Two months ago, I went to the ER (I work in another unit at the same facility) with status migranosus for IV hydration and treatment. Two days later, I went back to the ER with a red streak running from my IV site up my biceps. Thrombophlebitis with possible MRSA infection, the attending said. Got IV/PO Clinda and had blood cultures drawn, with instructions not to return to work for 48 hours.
Once back at work, I looked up my labs for the final BC report (thought it might be a good idea to make certain I wasn't infected before handling babies). Since my PMD does not have admitting priviledges at my hospital, it could be several days before her office received the results by mail and who knows how long before her office called me. So, I looked it up myself, and was reassured by the negative result.
Today, I was notified that I am being disciplined for 'Violation of Confidential Medical Information'- aka a HIPAA violation. I have, apparently, VIOLATED MY OWN PRIVACY by looking up my own labs. What the ???
For the next three months, every sign-on with my password will be reviewed to make sure I am only accessing information for patients I am directly caring for. If I am in found to be violation of these terms (which I certainly am not going to do), I will be terminated.

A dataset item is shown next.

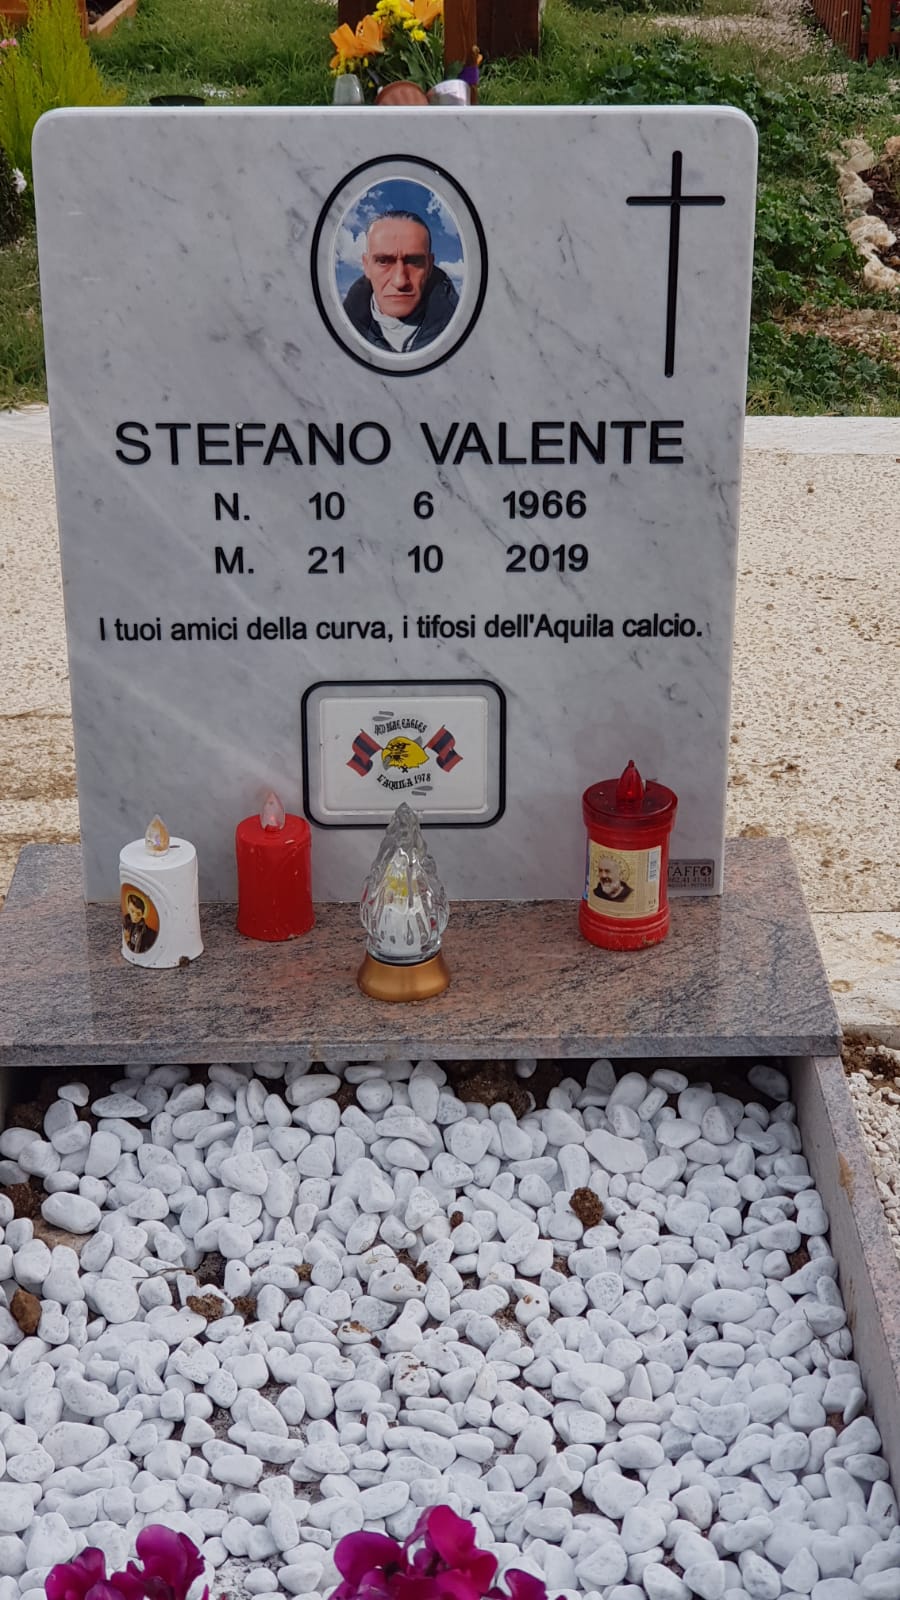 In memoria di Stefano Valente, lapide pagata grazie al contributo di tutti i ragazzi della curva e di tutti i tifosi, che ci hanno aiutato a dare una degna sepoltura a Stefano.

Now, I wasn't snooping around to find out a coworker's Hep status, or prying into the file of a VIP patient on another unit- I was looking up my own information, for Pete's sake! "The organization takes privacy very seriously and views looking up your own information as serious a violation as if you had looked up someone else's medical information," I was told.
I know plenty of other RNs I work with who have looked up their own information. Or their kid's radiology reports. Or their husband's labs. I seem to be the only one, though, being disciplined. And to be put in the same penalty box as those who have snooped into the files of other patients or coworkers makes me upset. I think my hospital is taking HIPAA to a huge extreme here.
Anyone else here been taken to the woodshed for 'violating their own privacy'?
Dec 20, '06
My other thought is that if there was a question that a positive test result would indicate that a person shouldn't be working around babies, then it makes no sense that the instructions to not return to work were only for 48 hours. It should have been until test results were in, and the time it took for the results to be back shouldn't have been so casual, if the results could have an effect on other people.
Also, here's another angle: using work time to look up personal information.
Last edit by Marie_LPN, RN on Dec 20, '06
Dec 20, '06
OK. This is the point where HPPA regs. and policies should be examined, or re-examined, I should say In my opinion, anyway. That is XXXX ridiculous and I'd be so inflammed I'd quit on the spot. That is the most ludicrous, atrocious violations of YOUR rights I've ever heard of....what about one of the organizations that offer legal advice/support free of charge and even represent one when one's own legal rights have been violated?